Give back the full listing verbatim, apart from its images.

THE DATA:
§ §

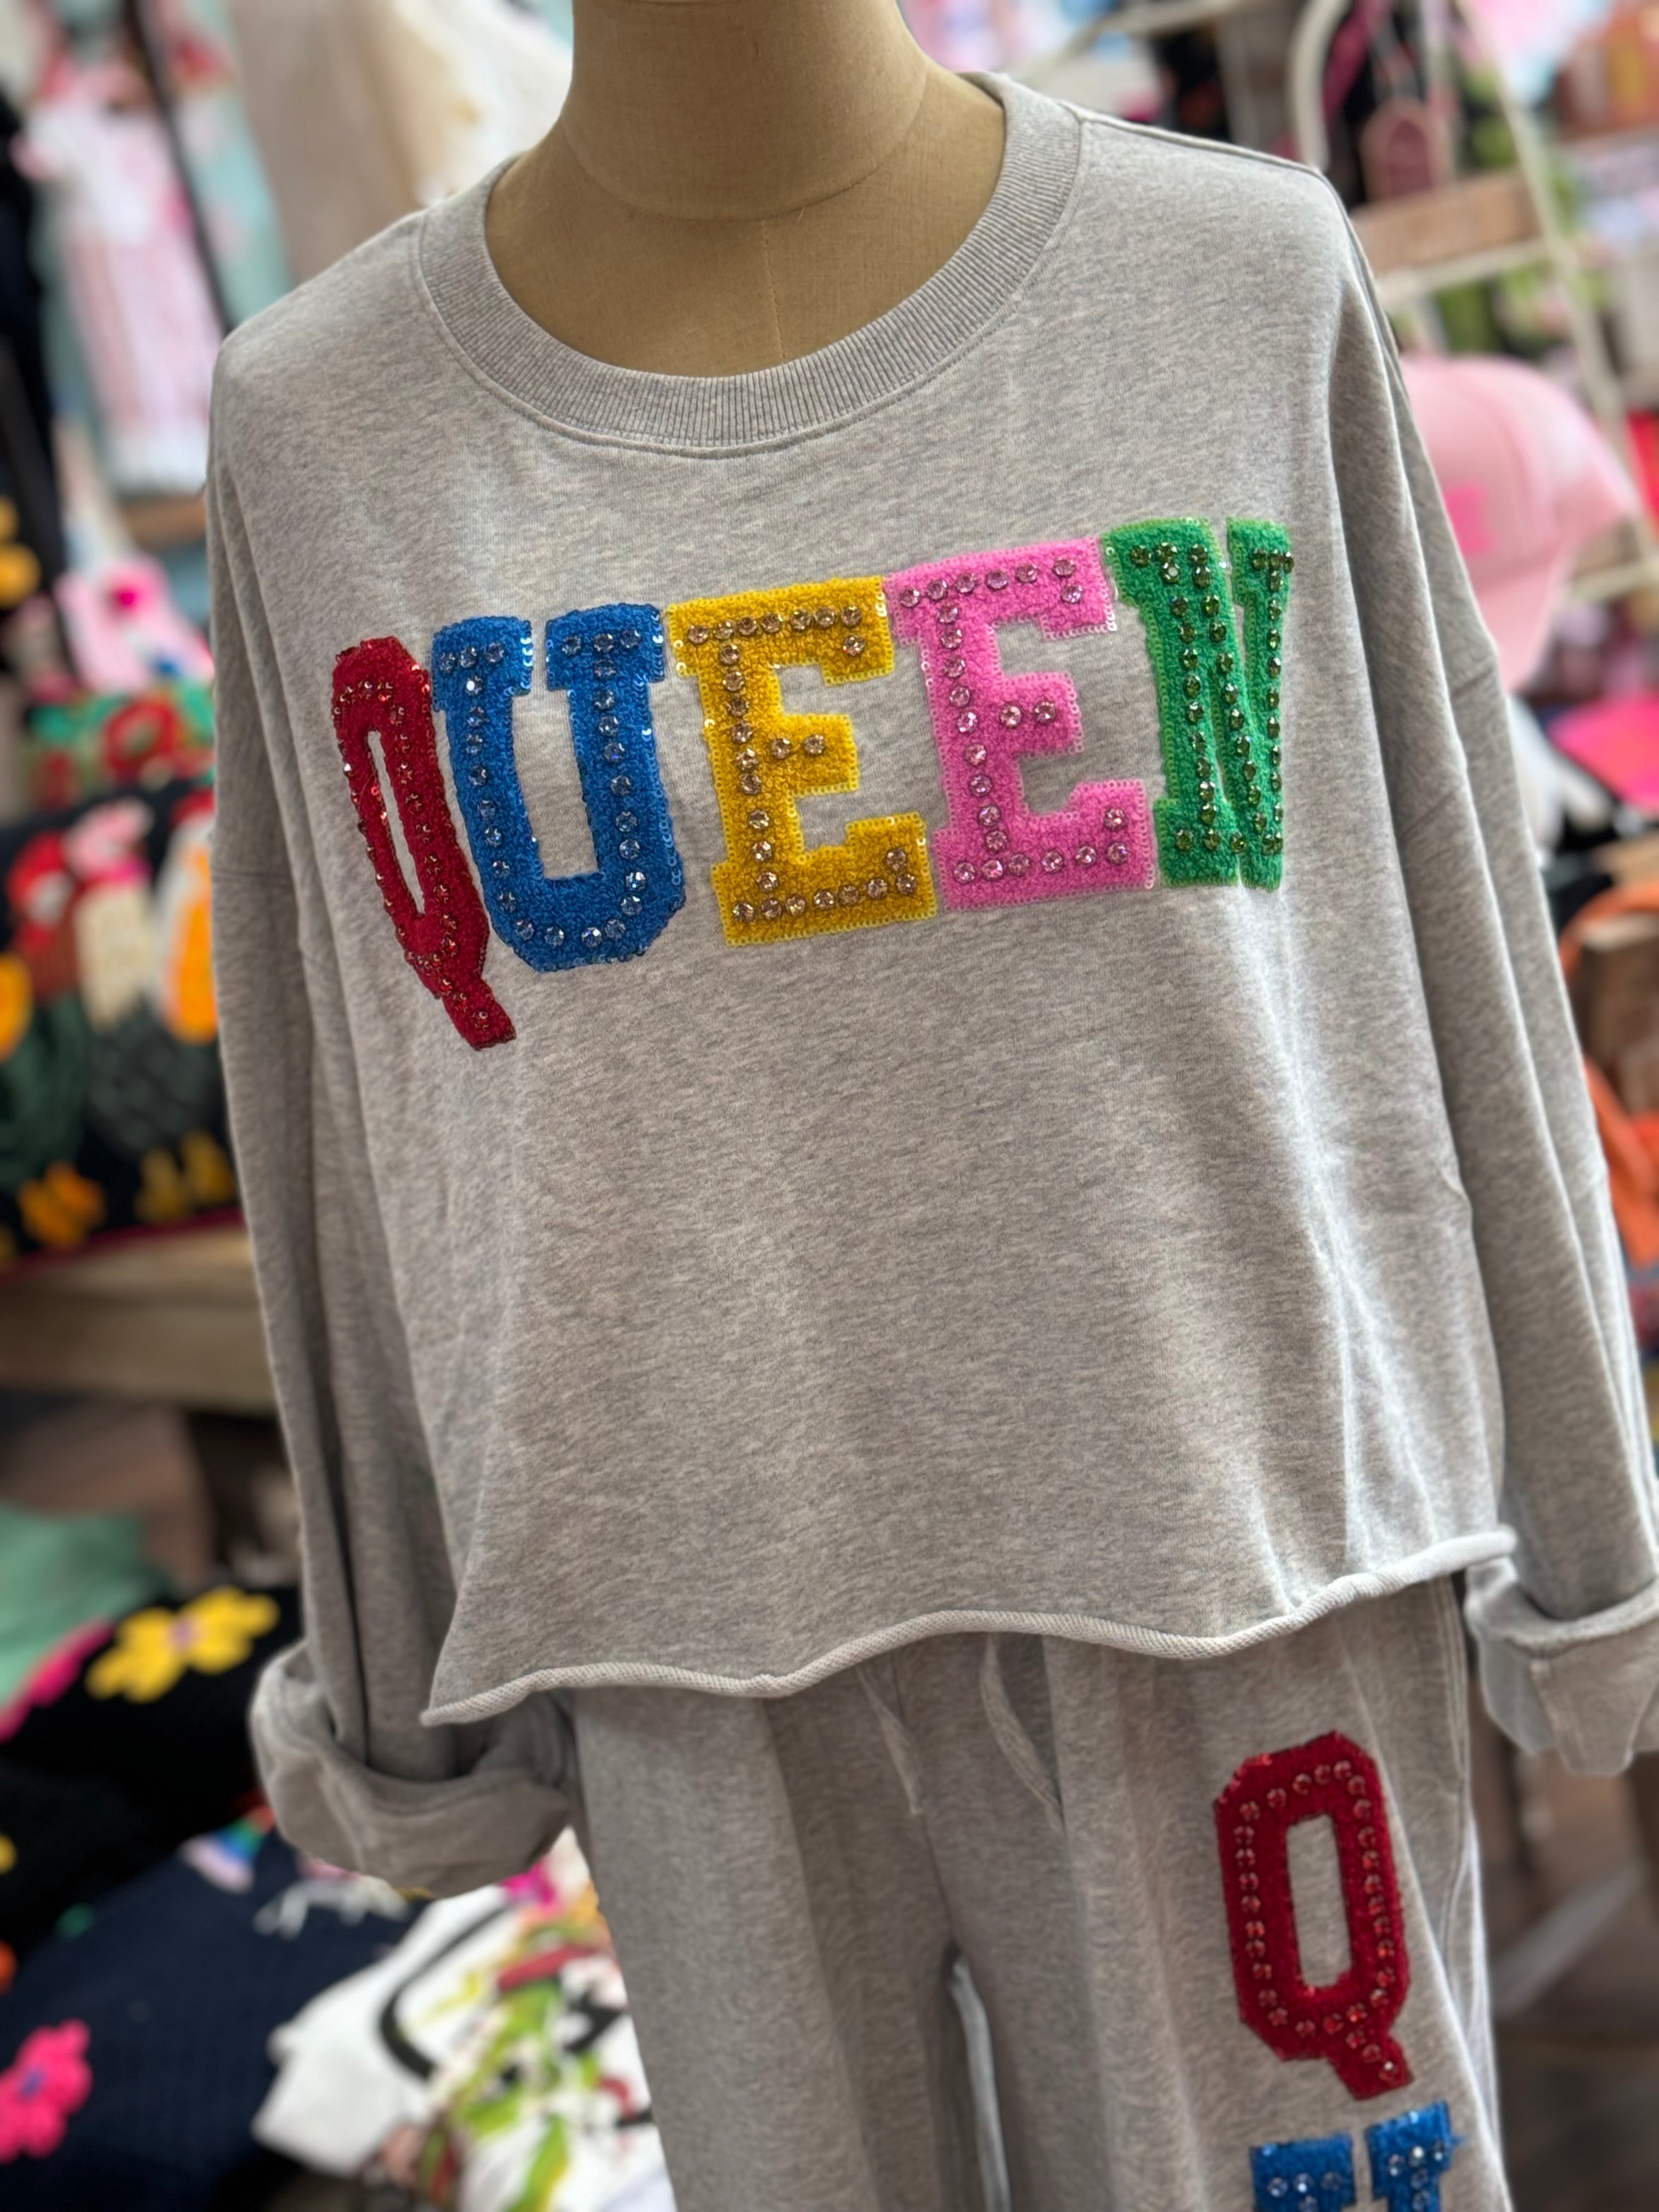 Queen Set (sold separately)
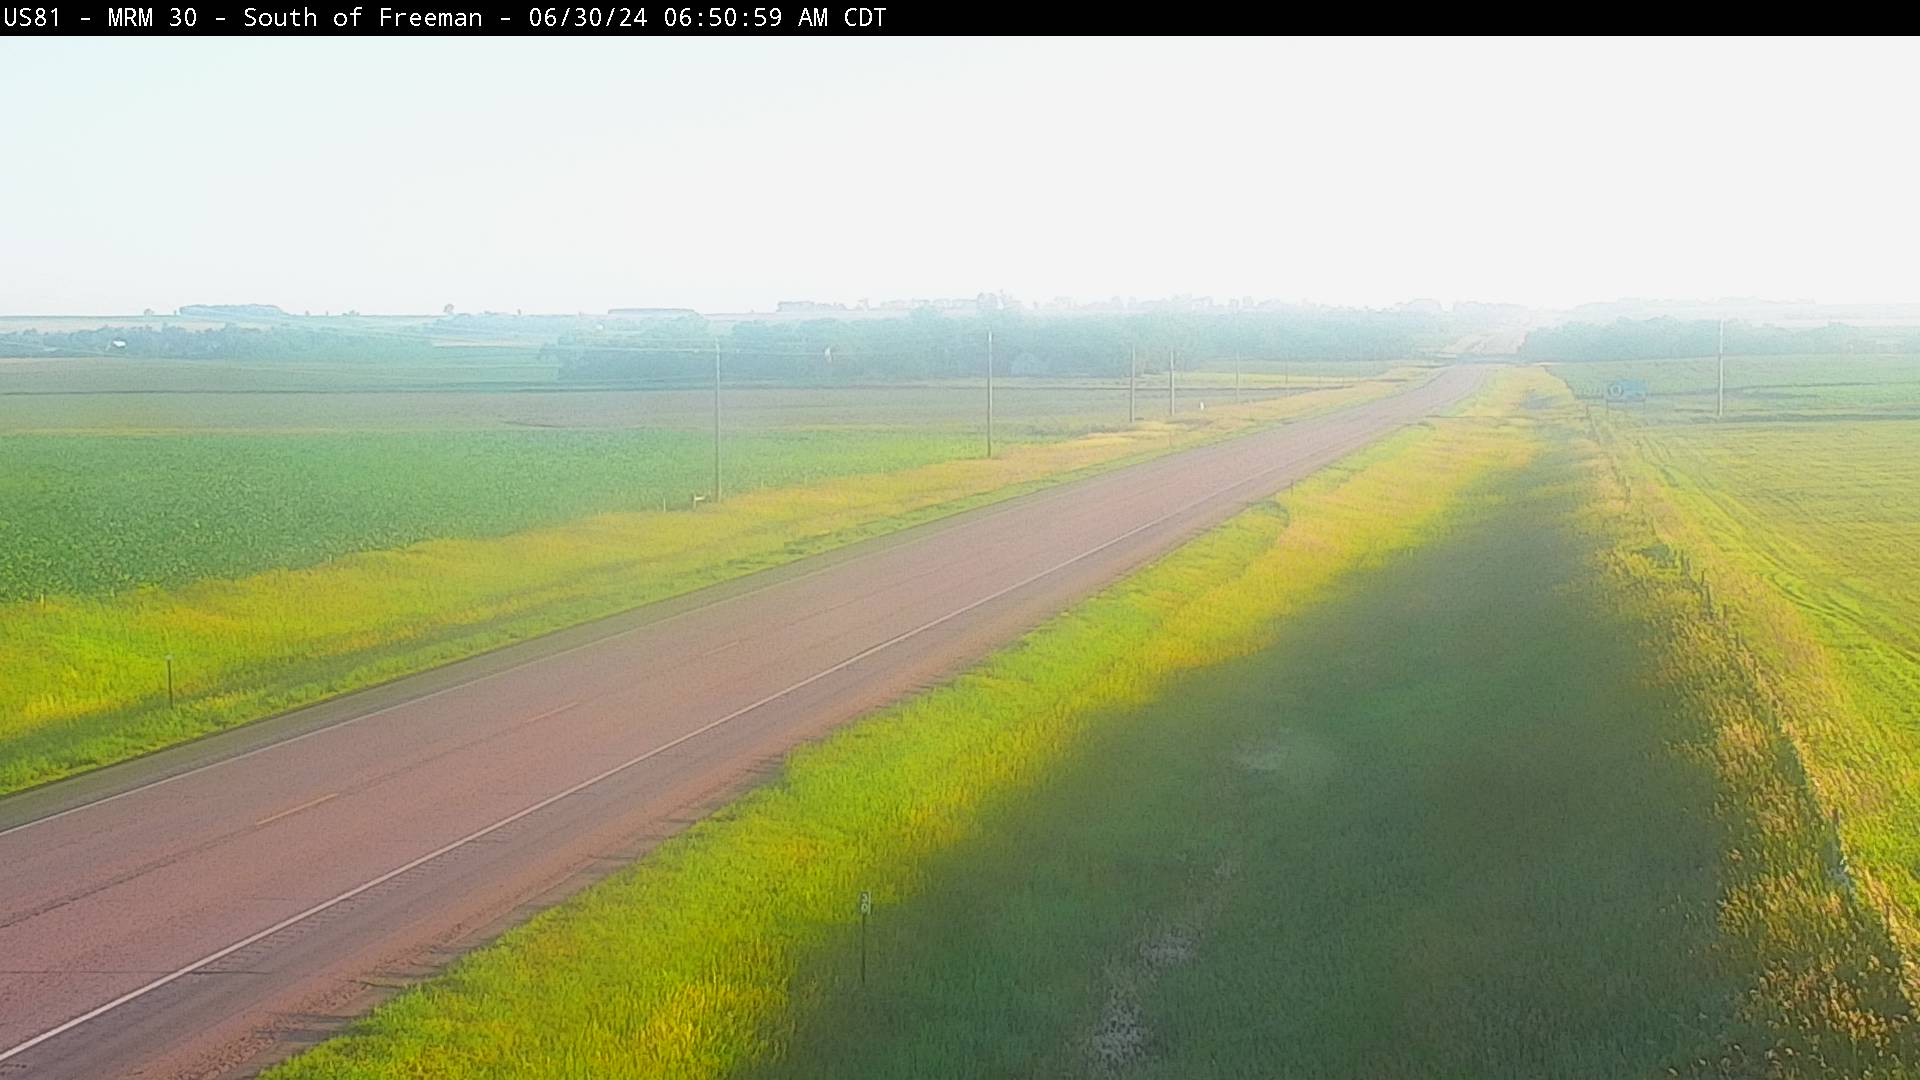 Traffic Cam 4 miles south of town along US-81 @ MP 30 - North Player
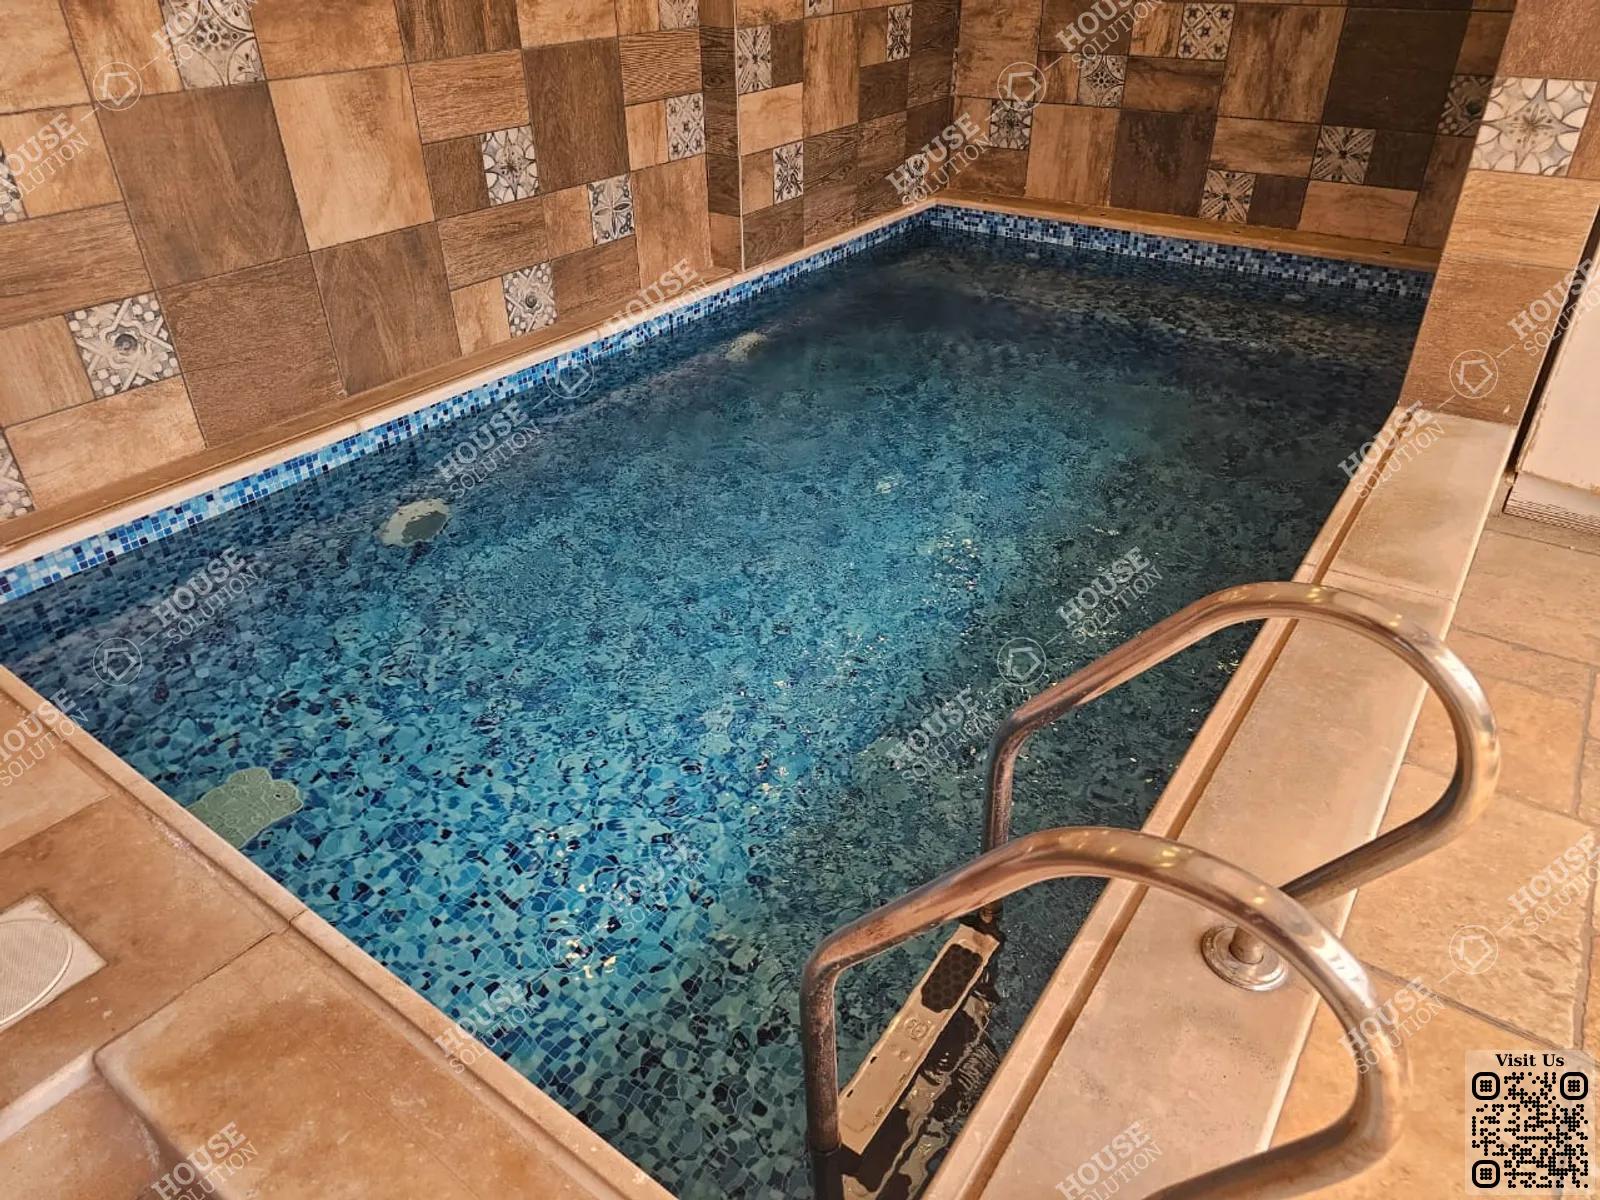 PRIVATE SWIMMING POOL  @ Duplexes For Rent In Maadi Maadi Sarayat Area: 375 m² consists of 3 Bedrooms 4 Bathrooms Modern furnished 5 stars #5855-1

§ §

WRITTEN RESPONSE:
 Queen Set (sold separately)
 Traffic Cam 4 miles south of town along US-81 @ MP 30 - North Player
 PRIVATE SWIMMING POOL  @ Duplexes For Rent In Maadi Maadi Sarayat Area: 375 m² consists of 3 Bedrooms 4 Bathrooms Modern furnished 5 stars #5855-1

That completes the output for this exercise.